§ **Data section**
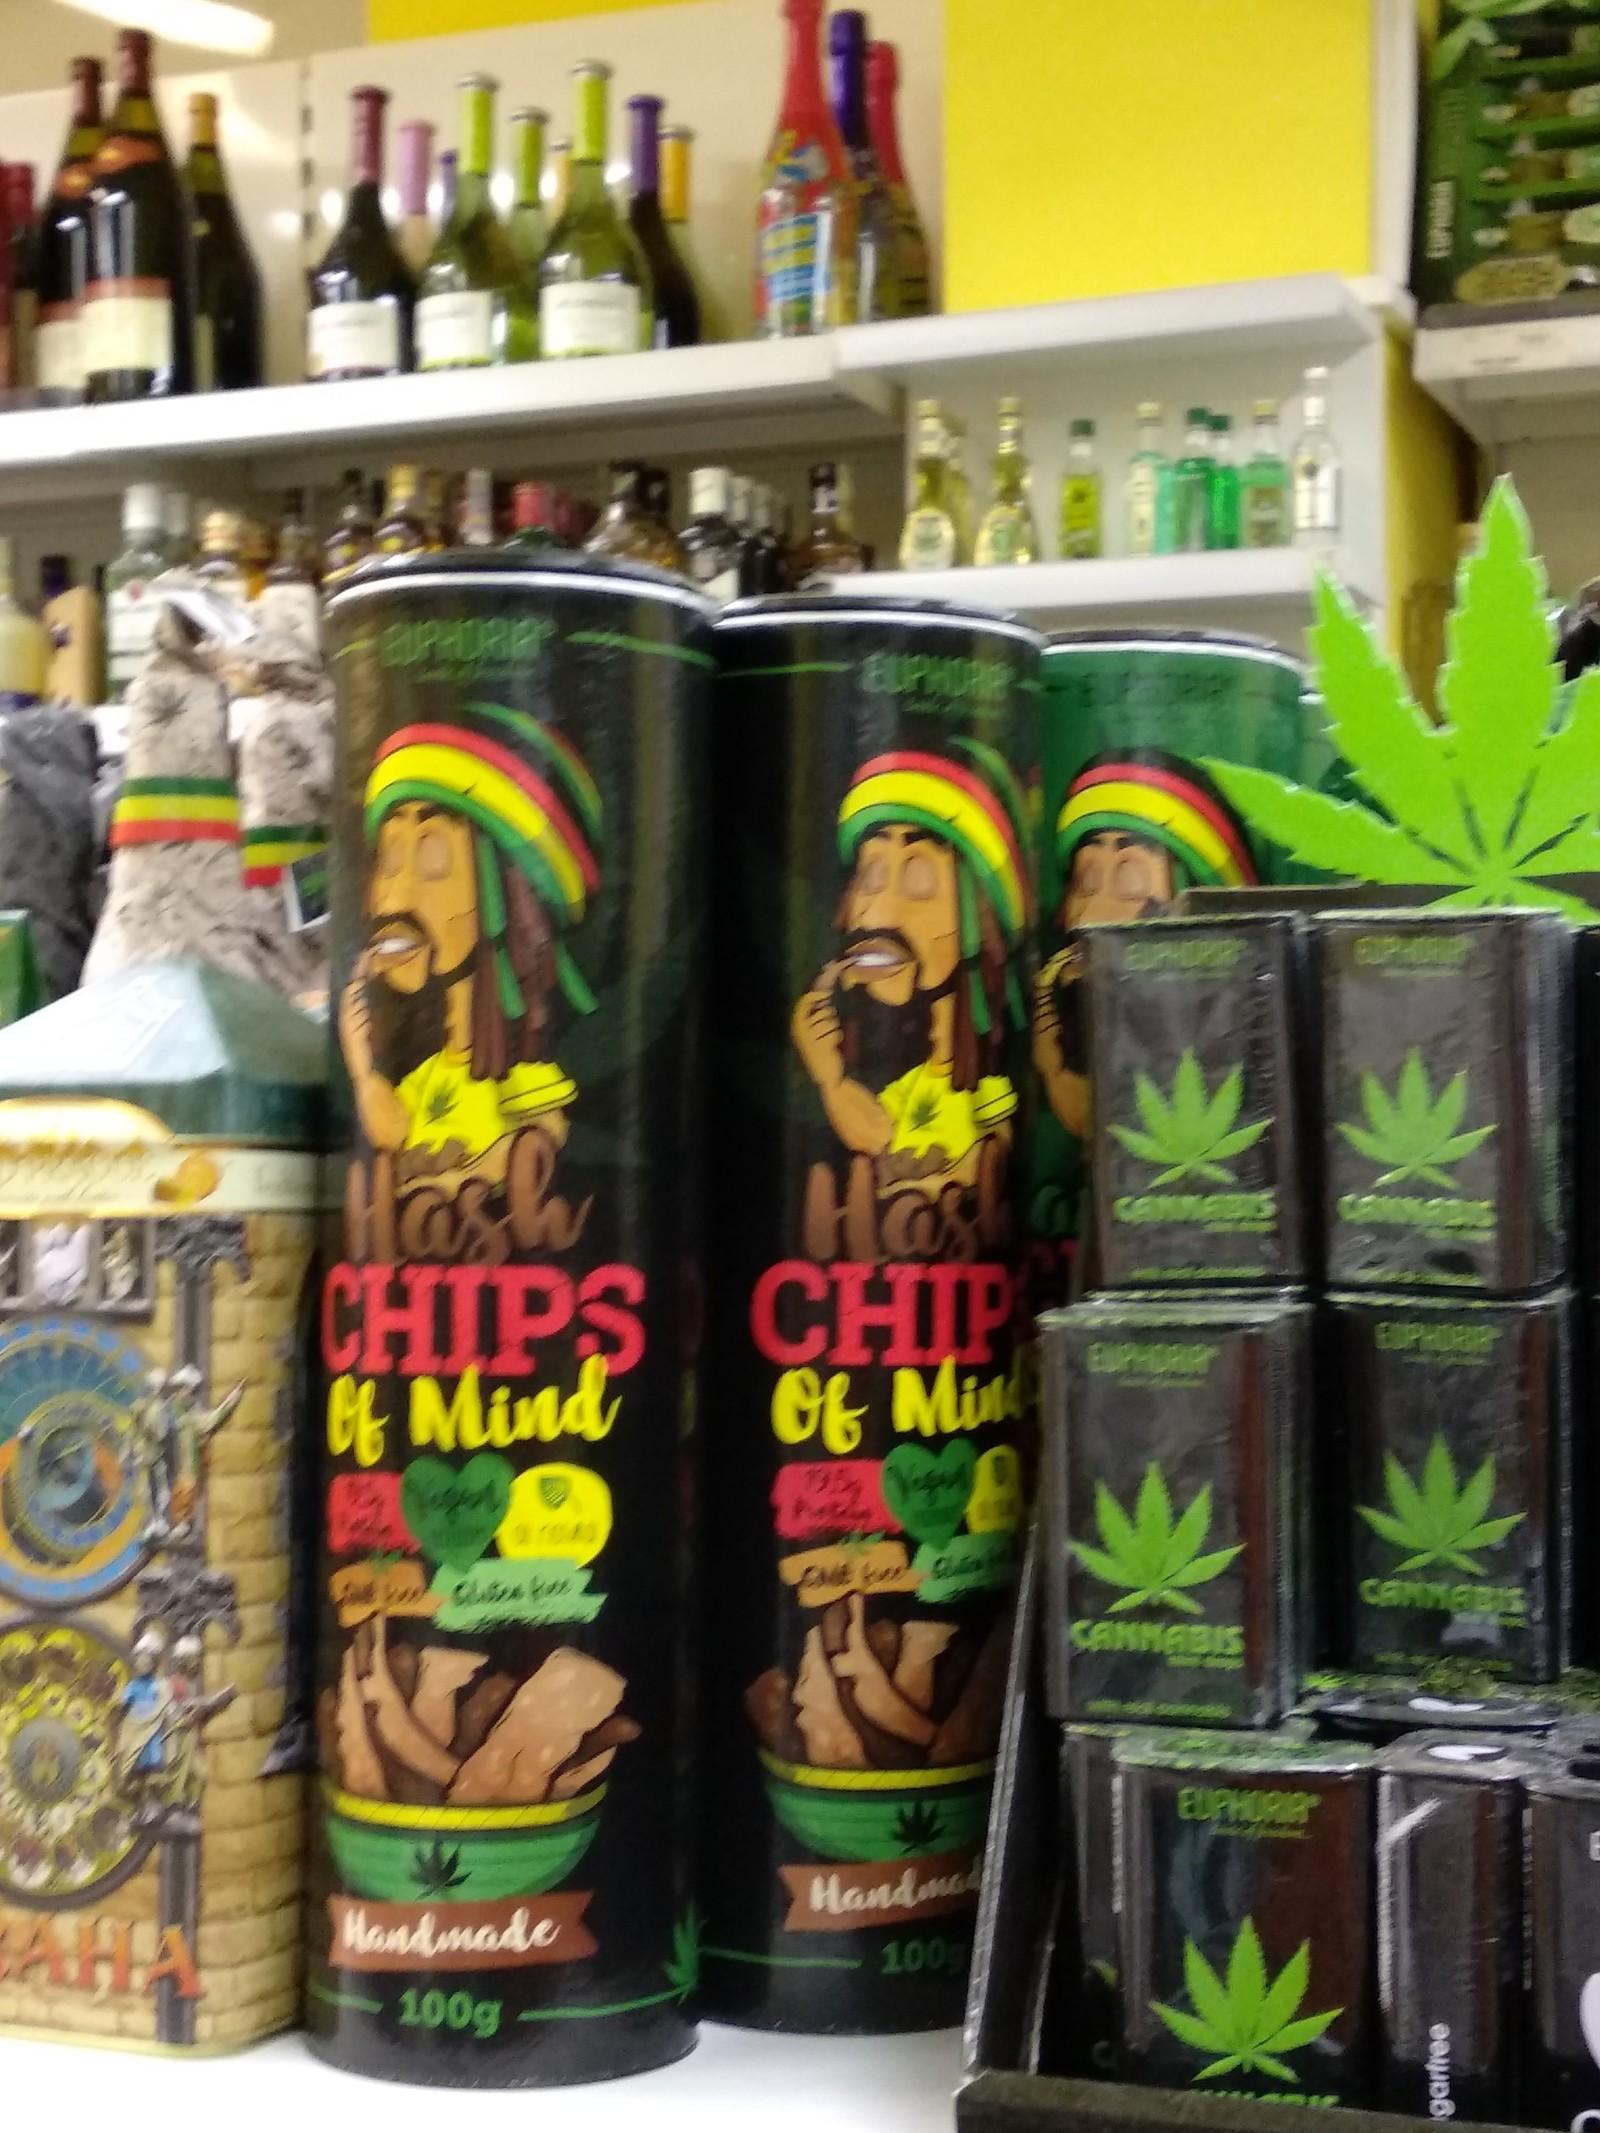 Где в праге можно купить марихуану сравнение вреда марихуаны и табака
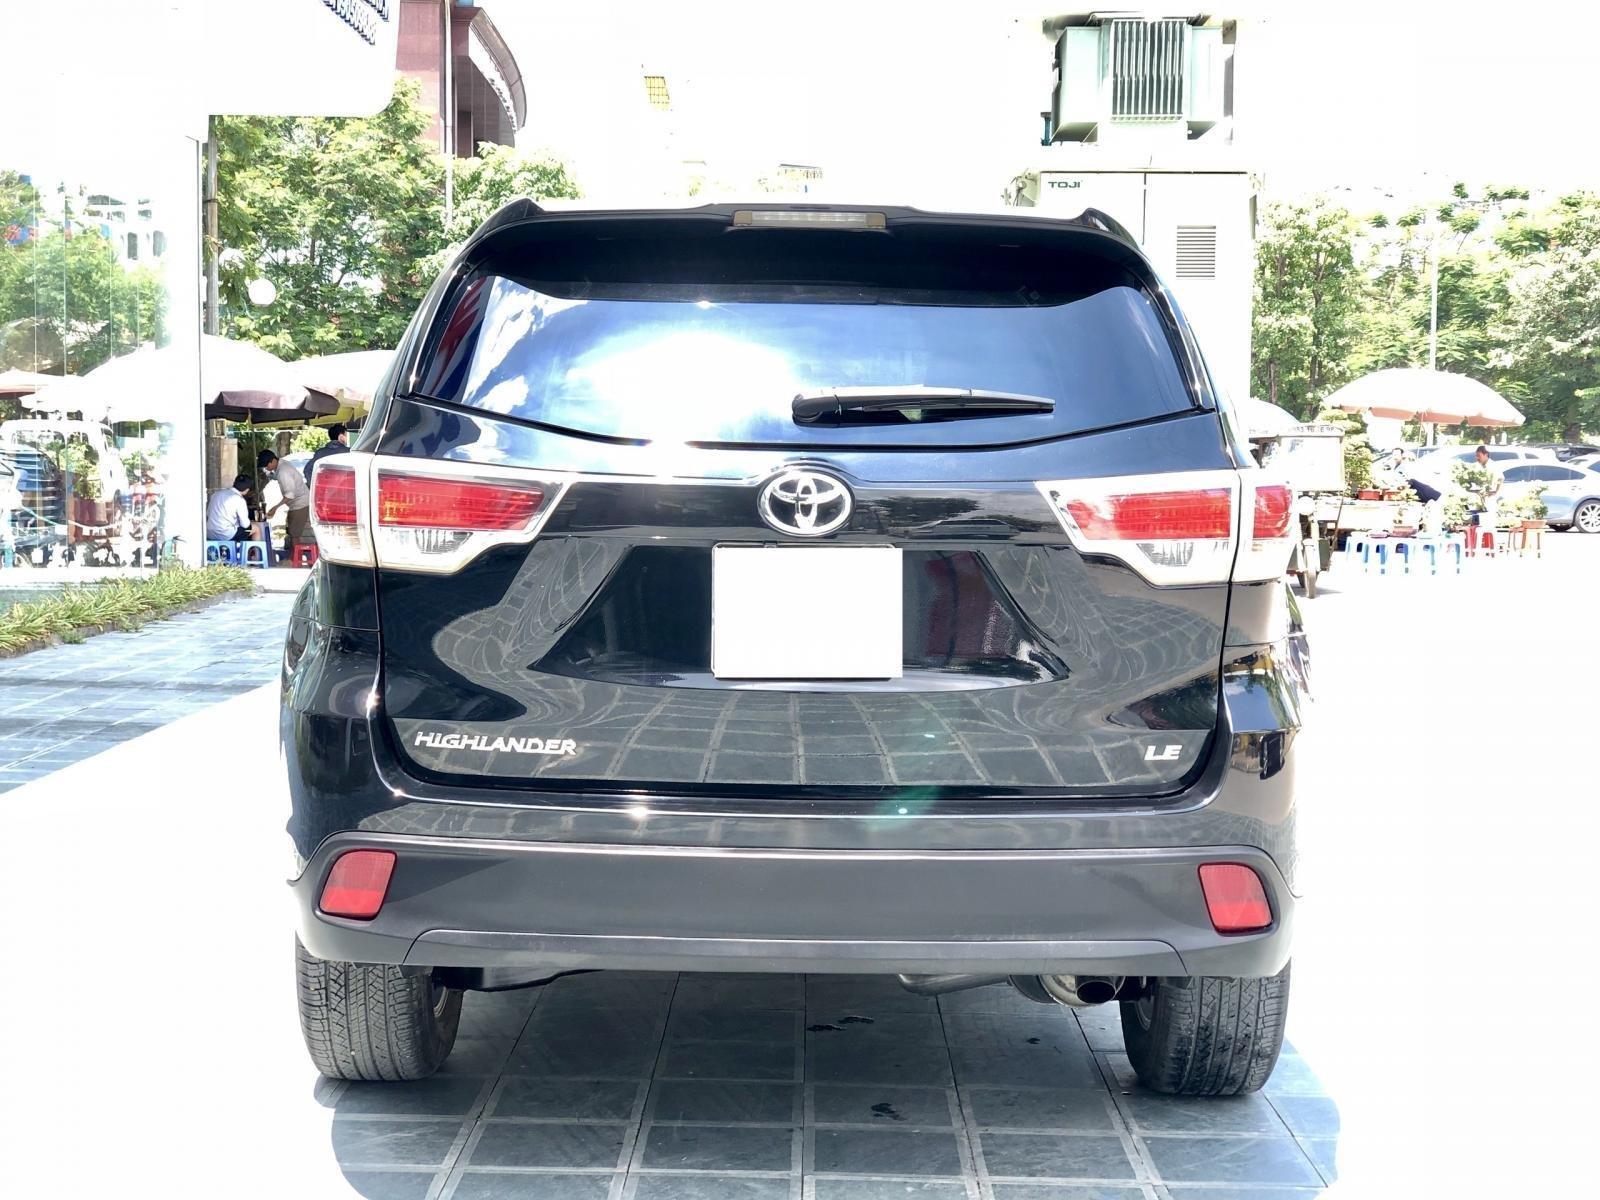 Bán Toyota Highlander SX 2014 siêu đẹp, LH Ms Hương 0945.39.2468 (12)
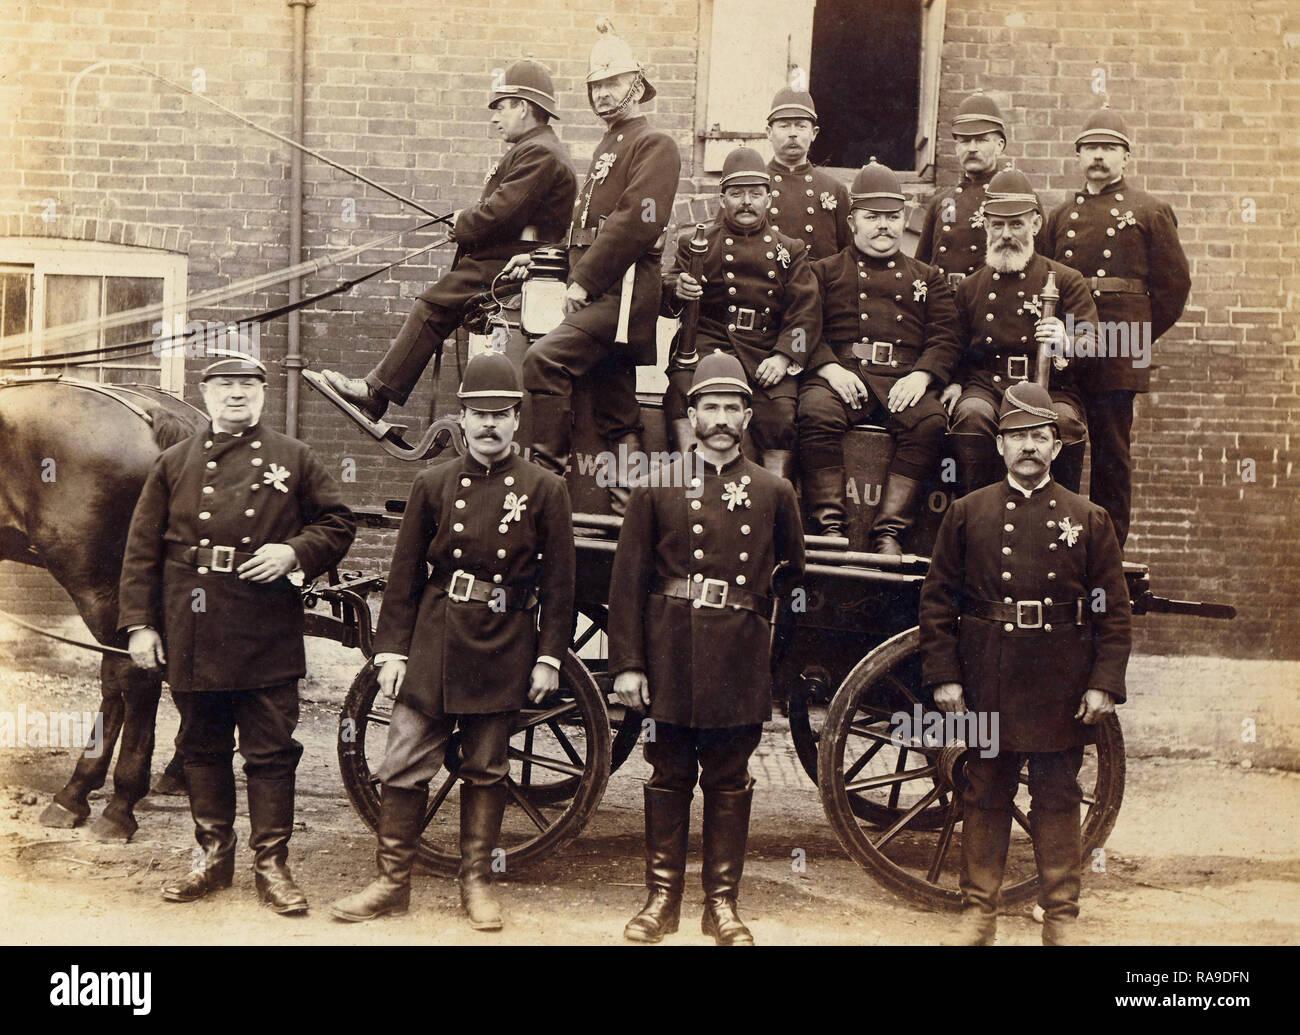 Archivio Storico di immagine di vigili del fuoco con a cavallo il fire appliance. Vigili del Fuoco. c1900 Immagini Stock

§ **What is being asked**
Once the pictures are set aside, repeat the data above exactly as written.

§ **Solved problem**
 Где в праге можно купить марихуану сравнение вреда марихуаны и табака
 Bán Toyota Highlander SX 2014 siêu đẹp, LH Ms Hương 0945.39.2468 (12)
 Archivio Storico di immagine di vigili del fuoco con a cavallo il fire appliance. Vigili del Fuoco. c1900 Immagini Stock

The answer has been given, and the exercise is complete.